Start of Block

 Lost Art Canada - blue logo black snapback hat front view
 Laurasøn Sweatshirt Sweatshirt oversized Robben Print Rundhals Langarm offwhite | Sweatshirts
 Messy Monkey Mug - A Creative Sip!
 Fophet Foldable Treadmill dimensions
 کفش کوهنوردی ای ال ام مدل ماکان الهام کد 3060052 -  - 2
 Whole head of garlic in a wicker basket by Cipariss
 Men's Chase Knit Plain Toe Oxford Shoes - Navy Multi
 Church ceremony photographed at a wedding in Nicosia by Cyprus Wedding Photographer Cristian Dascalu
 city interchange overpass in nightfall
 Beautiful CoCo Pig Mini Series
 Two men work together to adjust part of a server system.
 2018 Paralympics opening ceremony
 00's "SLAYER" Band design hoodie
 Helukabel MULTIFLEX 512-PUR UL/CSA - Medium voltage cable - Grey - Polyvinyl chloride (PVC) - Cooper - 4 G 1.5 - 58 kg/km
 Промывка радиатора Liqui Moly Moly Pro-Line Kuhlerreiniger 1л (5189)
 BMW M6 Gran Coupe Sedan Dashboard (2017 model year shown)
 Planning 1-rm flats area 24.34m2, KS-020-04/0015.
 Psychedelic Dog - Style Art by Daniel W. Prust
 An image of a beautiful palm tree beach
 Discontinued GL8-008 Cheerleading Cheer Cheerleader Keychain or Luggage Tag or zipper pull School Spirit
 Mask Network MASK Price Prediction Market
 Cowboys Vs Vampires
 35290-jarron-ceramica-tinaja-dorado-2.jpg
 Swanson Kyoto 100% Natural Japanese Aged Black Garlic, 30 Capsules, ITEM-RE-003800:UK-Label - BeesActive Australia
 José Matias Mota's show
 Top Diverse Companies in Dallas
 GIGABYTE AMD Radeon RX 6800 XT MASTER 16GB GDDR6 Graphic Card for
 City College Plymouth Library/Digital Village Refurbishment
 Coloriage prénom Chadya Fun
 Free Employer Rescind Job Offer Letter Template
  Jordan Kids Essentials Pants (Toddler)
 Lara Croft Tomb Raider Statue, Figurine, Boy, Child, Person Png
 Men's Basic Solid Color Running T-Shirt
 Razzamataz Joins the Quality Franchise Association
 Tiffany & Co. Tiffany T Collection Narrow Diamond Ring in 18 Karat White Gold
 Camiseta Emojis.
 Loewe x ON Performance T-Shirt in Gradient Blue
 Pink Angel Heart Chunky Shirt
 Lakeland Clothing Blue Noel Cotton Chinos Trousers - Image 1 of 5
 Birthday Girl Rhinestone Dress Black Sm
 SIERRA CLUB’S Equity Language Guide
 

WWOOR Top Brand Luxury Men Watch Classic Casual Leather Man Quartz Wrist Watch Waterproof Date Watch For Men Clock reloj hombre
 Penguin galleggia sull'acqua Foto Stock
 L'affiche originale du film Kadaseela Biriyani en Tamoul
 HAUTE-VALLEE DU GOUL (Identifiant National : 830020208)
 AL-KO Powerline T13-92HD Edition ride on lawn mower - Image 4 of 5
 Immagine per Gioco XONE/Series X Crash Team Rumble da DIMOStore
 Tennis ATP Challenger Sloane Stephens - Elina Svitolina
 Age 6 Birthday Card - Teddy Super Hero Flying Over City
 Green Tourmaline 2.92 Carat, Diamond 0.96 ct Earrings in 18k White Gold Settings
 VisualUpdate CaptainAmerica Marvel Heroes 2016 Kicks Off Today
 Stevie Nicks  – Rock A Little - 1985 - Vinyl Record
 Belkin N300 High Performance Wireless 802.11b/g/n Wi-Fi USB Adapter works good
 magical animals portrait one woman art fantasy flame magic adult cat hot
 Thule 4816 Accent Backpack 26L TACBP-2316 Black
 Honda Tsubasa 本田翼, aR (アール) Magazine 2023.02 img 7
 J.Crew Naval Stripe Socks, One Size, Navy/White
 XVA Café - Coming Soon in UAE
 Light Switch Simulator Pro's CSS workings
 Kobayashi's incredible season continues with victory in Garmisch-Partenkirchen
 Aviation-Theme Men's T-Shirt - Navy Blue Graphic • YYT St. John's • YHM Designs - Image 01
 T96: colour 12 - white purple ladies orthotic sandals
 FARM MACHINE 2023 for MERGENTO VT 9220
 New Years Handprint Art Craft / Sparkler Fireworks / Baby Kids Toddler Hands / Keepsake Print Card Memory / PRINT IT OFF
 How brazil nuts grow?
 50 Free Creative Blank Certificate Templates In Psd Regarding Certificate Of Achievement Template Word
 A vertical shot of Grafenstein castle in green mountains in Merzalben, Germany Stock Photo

End of Block

# REQUIREMENT
In the records above, find the line with "Beautiful CoCo Pig Mini Series"; write out exactly that line and each one after it, stopping after the line with "Planning 1-rm flats".

# ANSWER AREA
 Beautiful CoCo Pig Mini Series
 Two men work together to adjust part of a server system.
 2018 Paralympics opening ceremony
 00's "SLAYER" Band design hoodie
 Helukabel MULTIFLEX 512-PUR UL/CSA - Medium voltage cable - Grey - Polyvinyl chloride (PVC) - Cooper - 4 G 1.5 - 58 kg/km
 Промывка радиатора Liqui Moly Moly Pro-Line Kuhlerreiniger 1л (5189)
 BMW M6 Gran Coupe Sedan Dashboard (2017 model year shown)
 Planning 1-rm flats area 24.34m2, KS-020-04/0015.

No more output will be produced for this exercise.